[Items listed in a dataset]
--

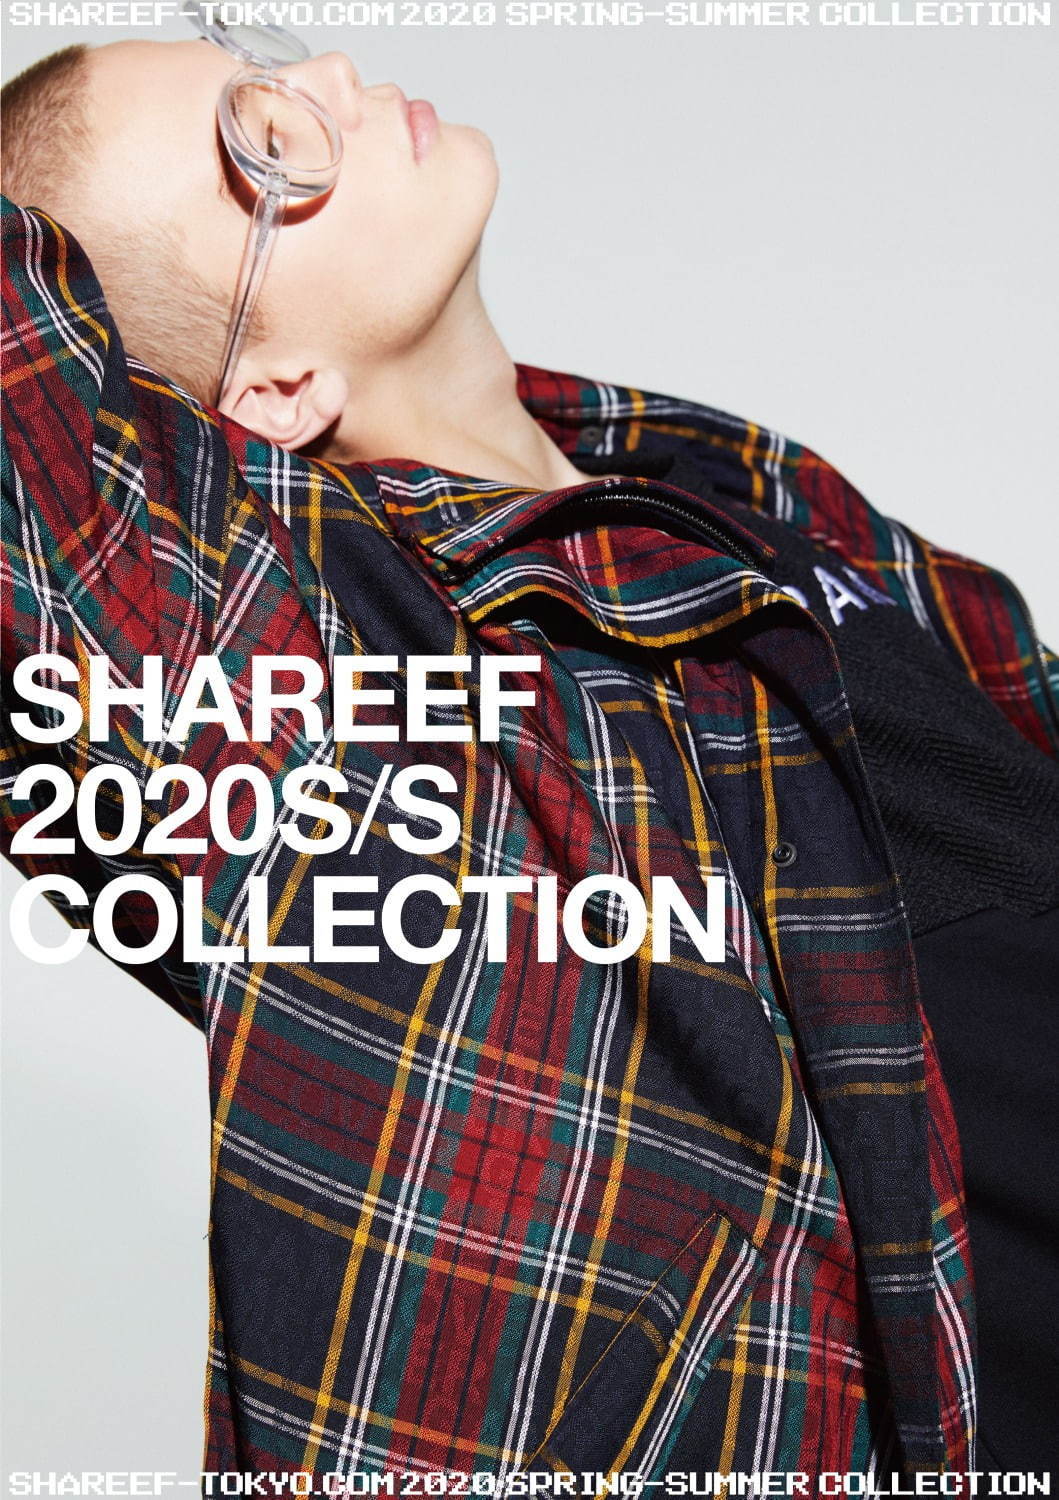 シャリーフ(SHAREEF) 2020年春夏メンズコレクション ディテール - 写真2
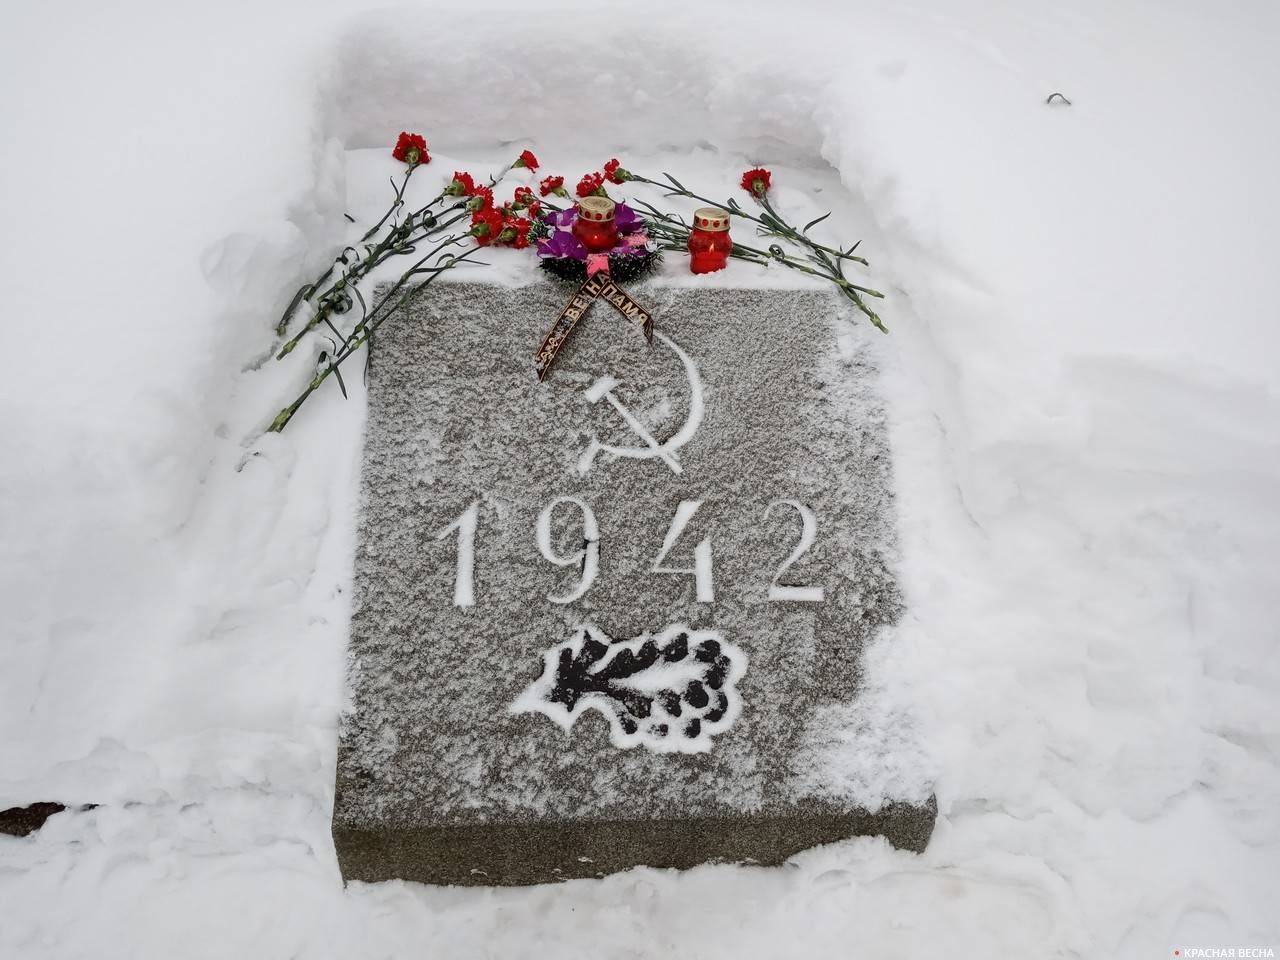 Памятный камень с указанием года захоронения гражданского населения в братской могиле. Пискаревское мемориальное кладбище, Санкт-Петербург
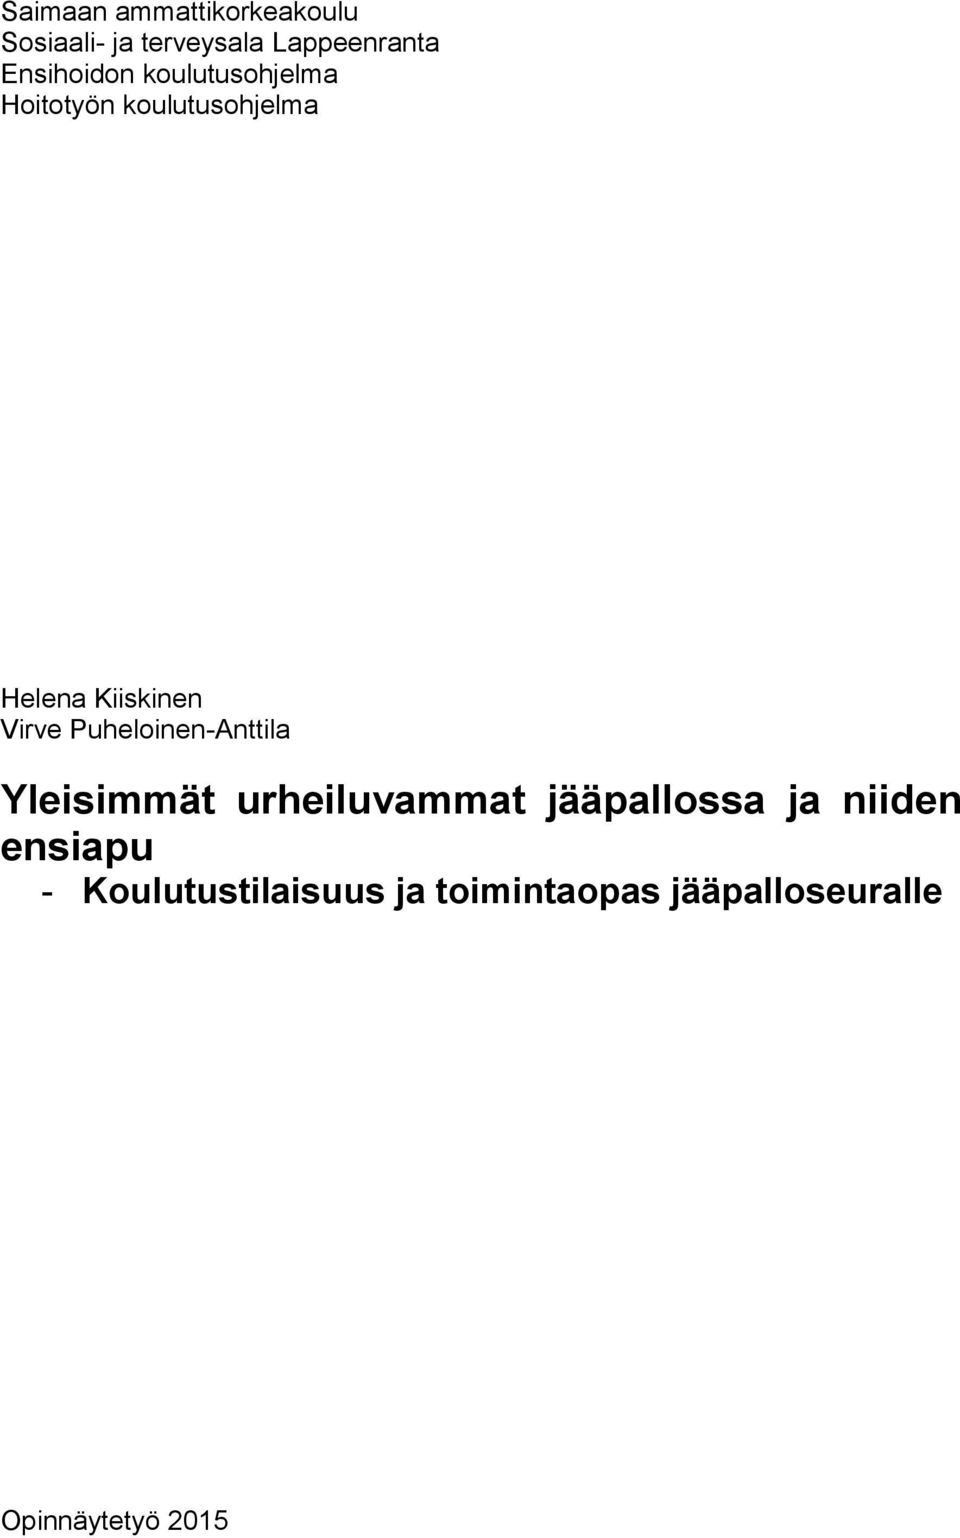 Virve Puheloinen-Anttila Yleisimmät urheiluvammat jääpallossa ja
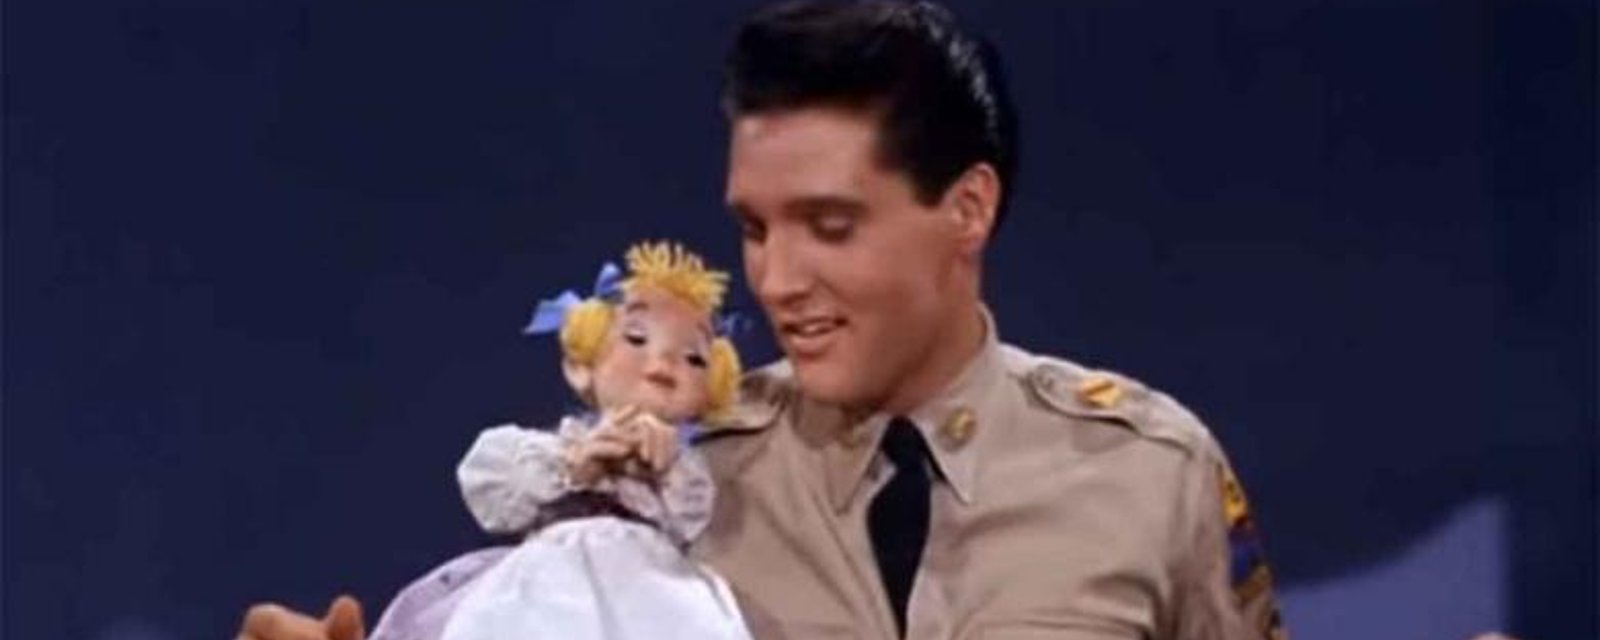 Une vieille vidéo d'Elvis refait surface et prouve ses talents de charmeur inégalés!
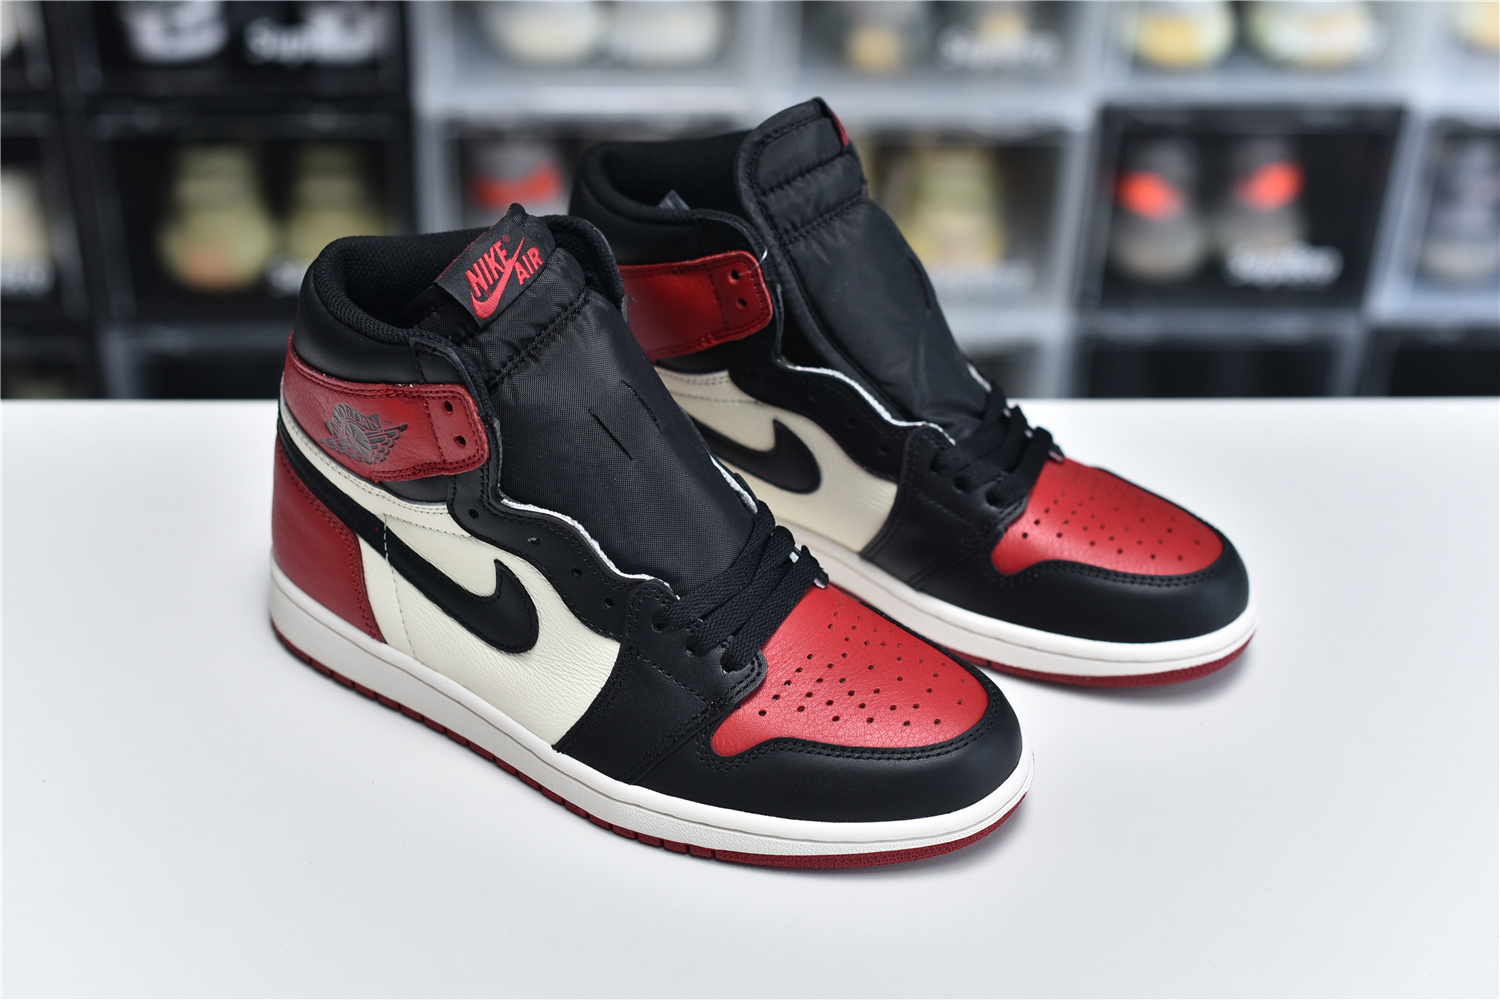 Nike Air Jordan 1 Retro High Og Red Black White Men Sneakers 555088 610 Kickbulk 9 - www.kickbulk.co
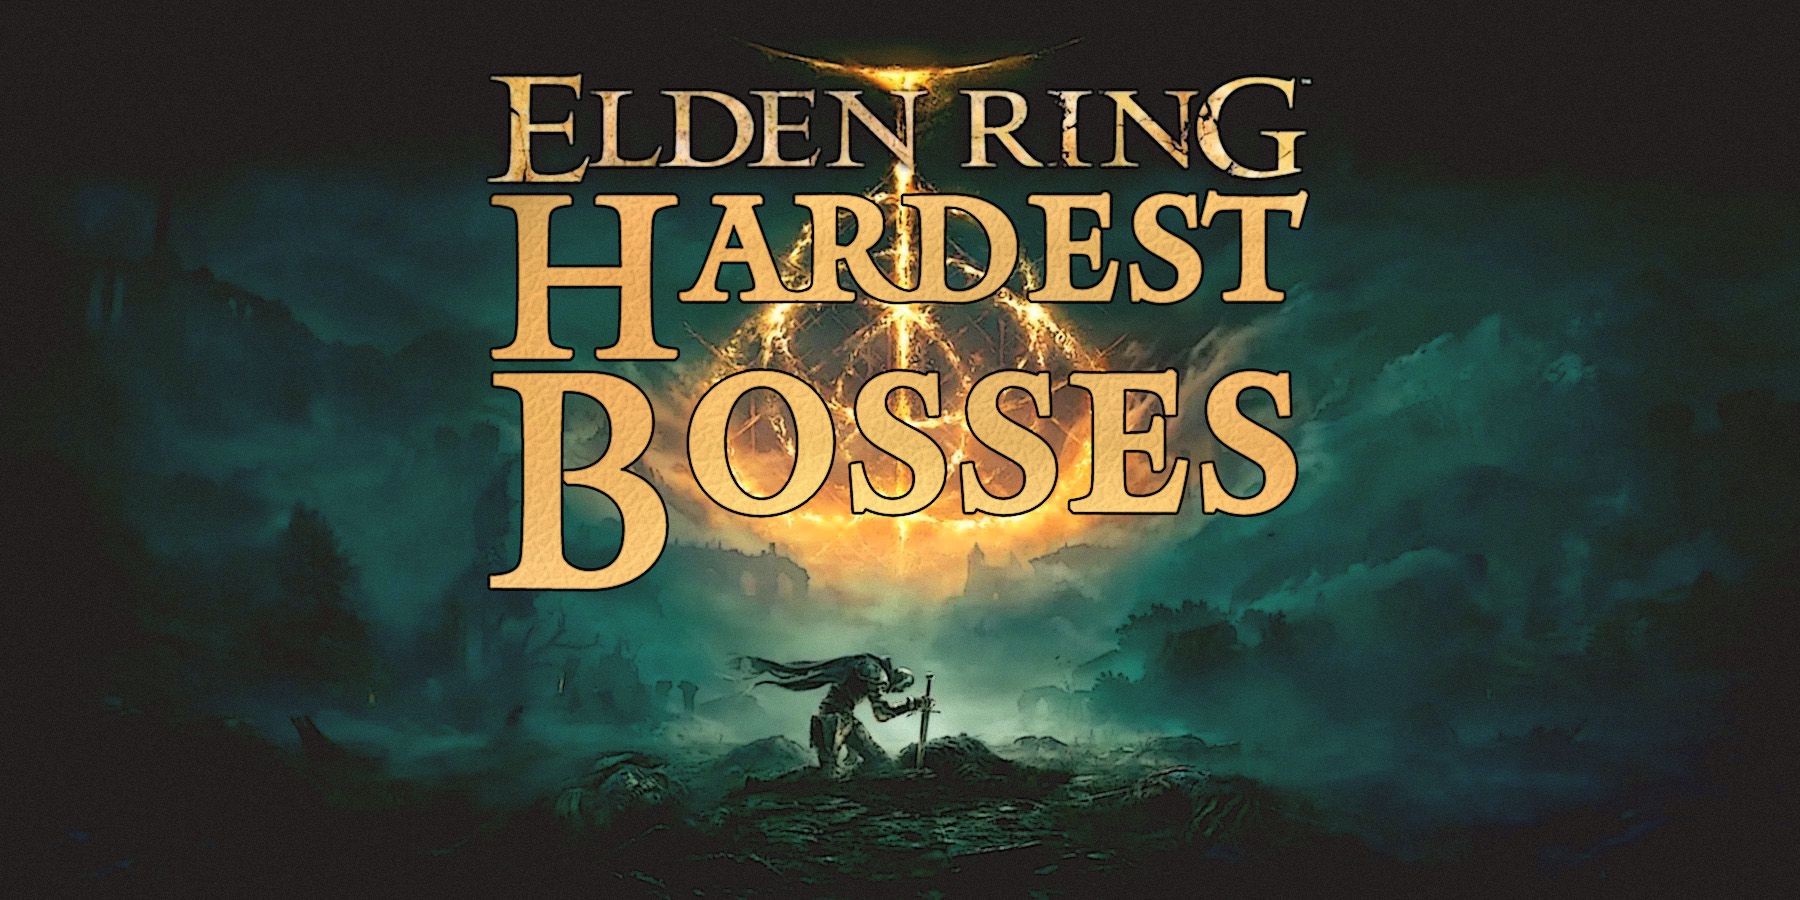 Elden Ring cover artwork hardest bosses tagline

--

TO DO:
Please return the lines from the line with "Une vieille vidéo" through the last line of the data, both included, exactly, and without pictures.

RESPONSE TO THE TASK:
 Une vieille vidéo d'Elvis refait surface et prouve ses talents de charmeur inégalés!
 Nike Air Jordan 1 Retro High Og Red Black White Men Sneakers 555088 610 Kickbulk 9 - www.kickbulk.co
 Elden Ring cover artwork hardest bosses tagline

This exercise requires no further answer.